** Task requirements **
Begin at the line containing "Croix de Jérusalem 19e siècle." in the records below, end at the line containing "Croix de Jérusalem du", and retype each line in that span exactly. No other line and no image should appear.

** Input **
- - -
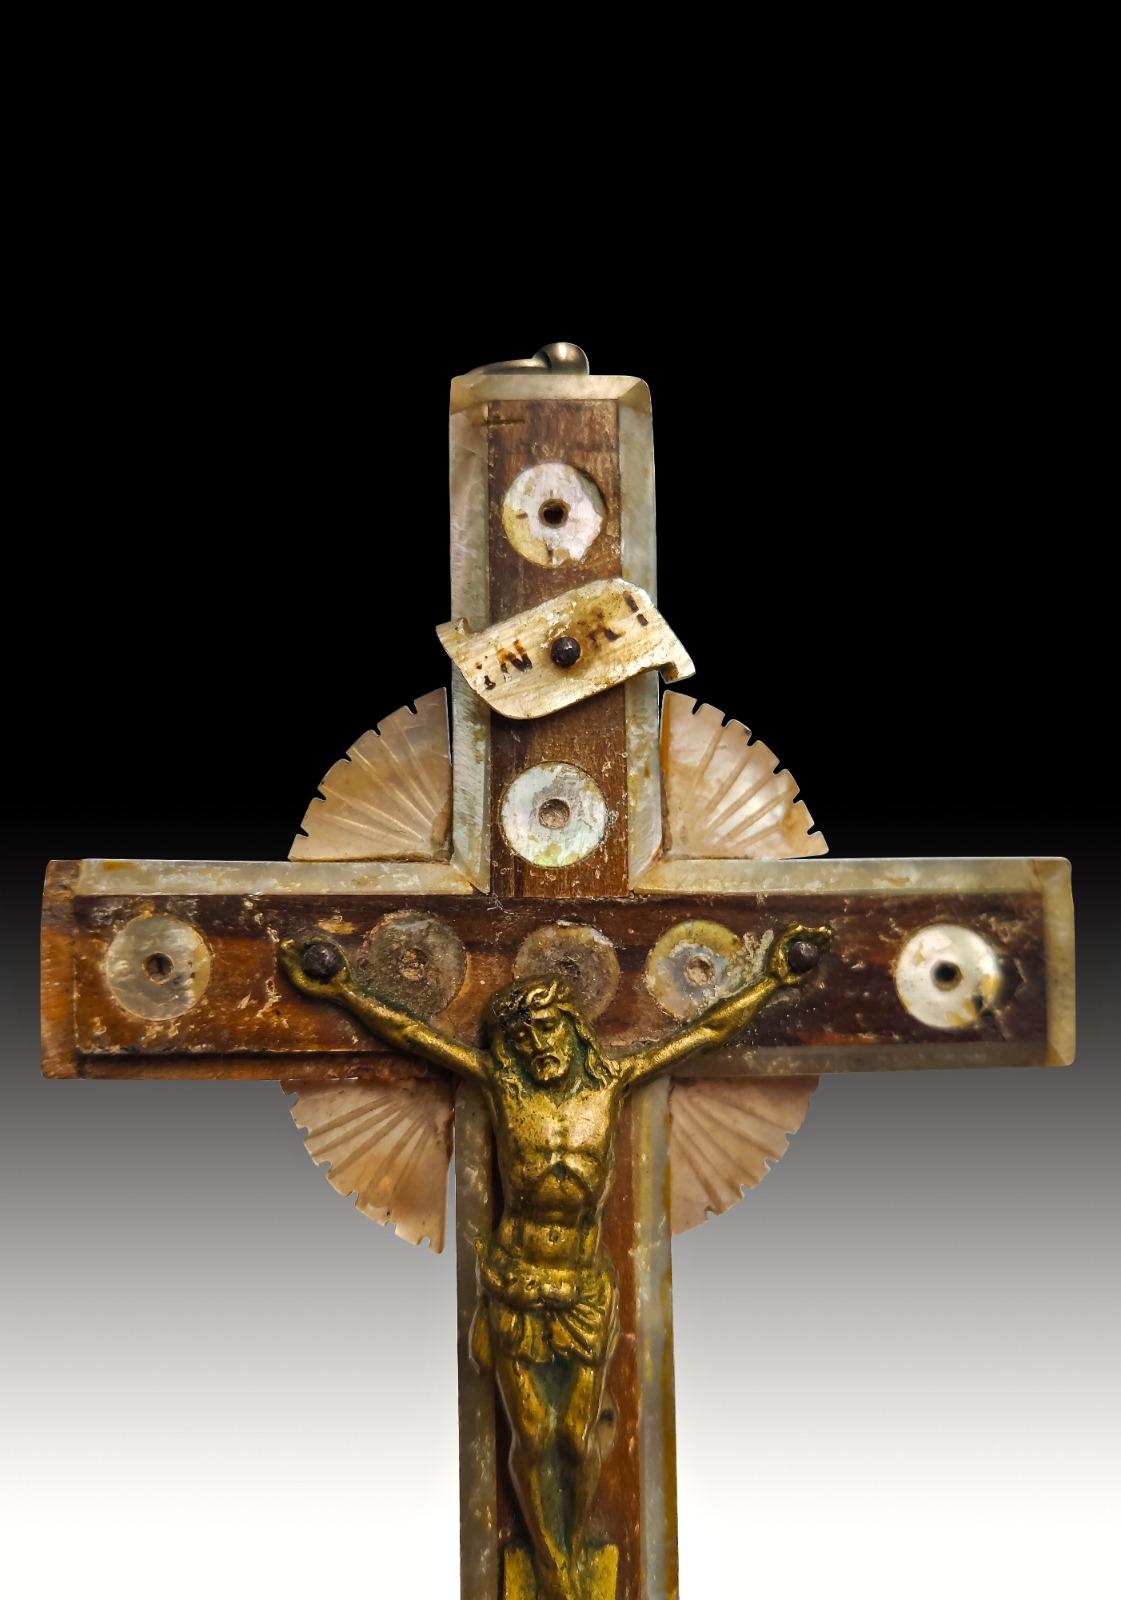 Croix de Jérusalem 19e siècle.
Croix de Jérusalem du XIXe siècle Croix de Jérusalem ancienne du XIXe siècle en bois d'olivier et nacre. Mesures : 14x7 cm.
- - -
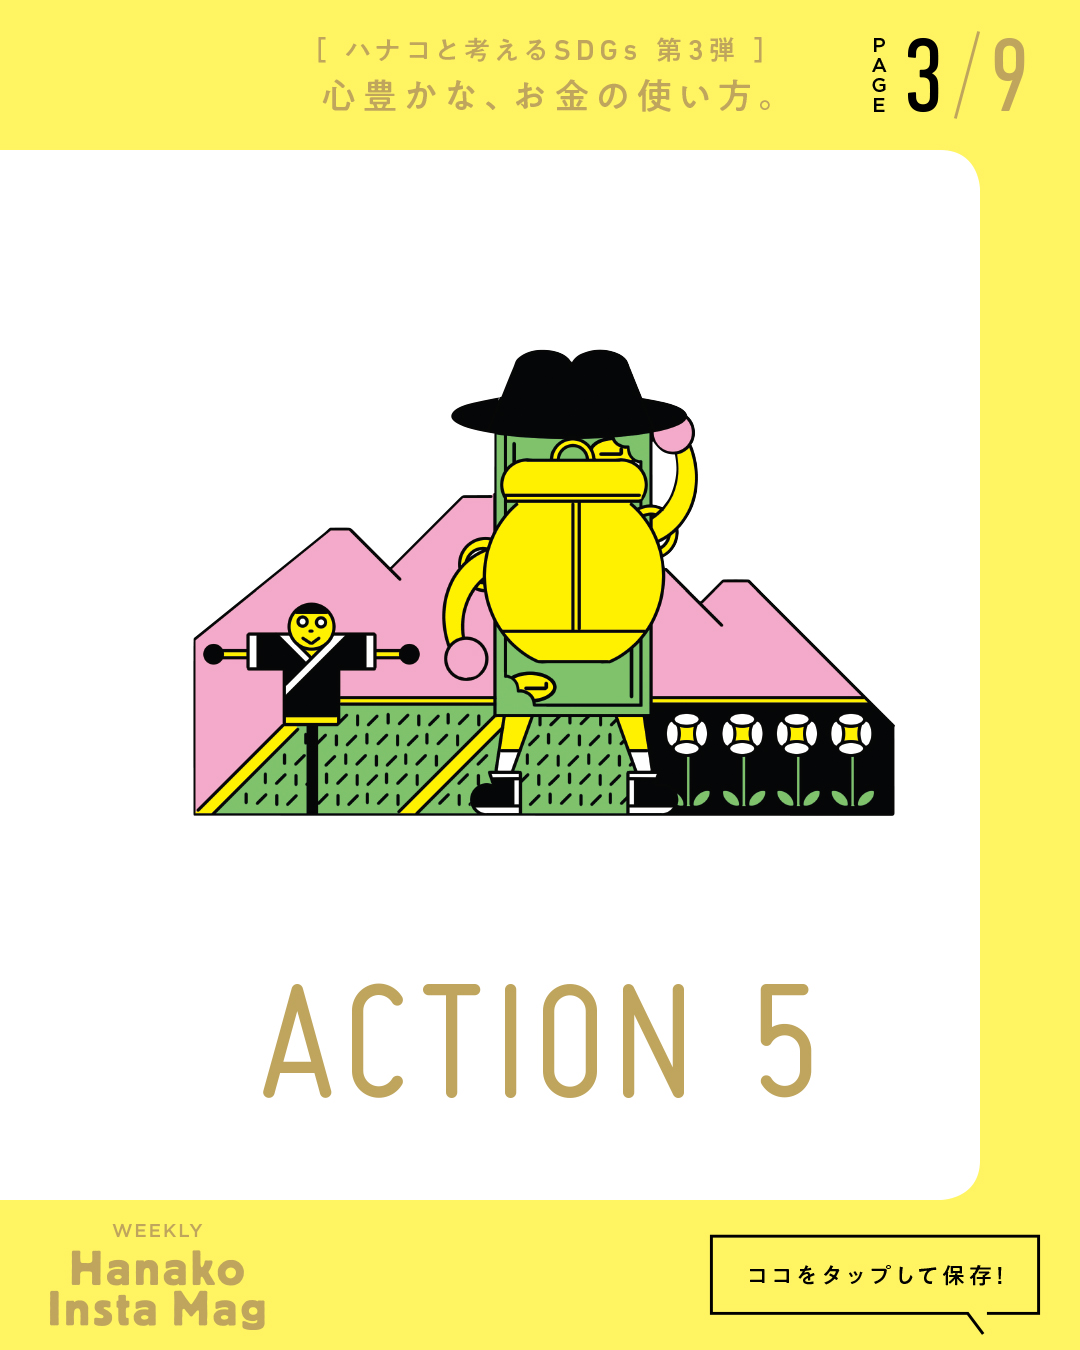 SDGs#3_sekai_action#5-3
- - -
** Response to the exercise **
 Croix de Jérusalem 19e siècle.
Croix de Jérusalem du XIXe siècle Croix de Jérusalem ancienne du XIXe siècle en bois d'olivier et nacre. Mesures : 14x7 cm.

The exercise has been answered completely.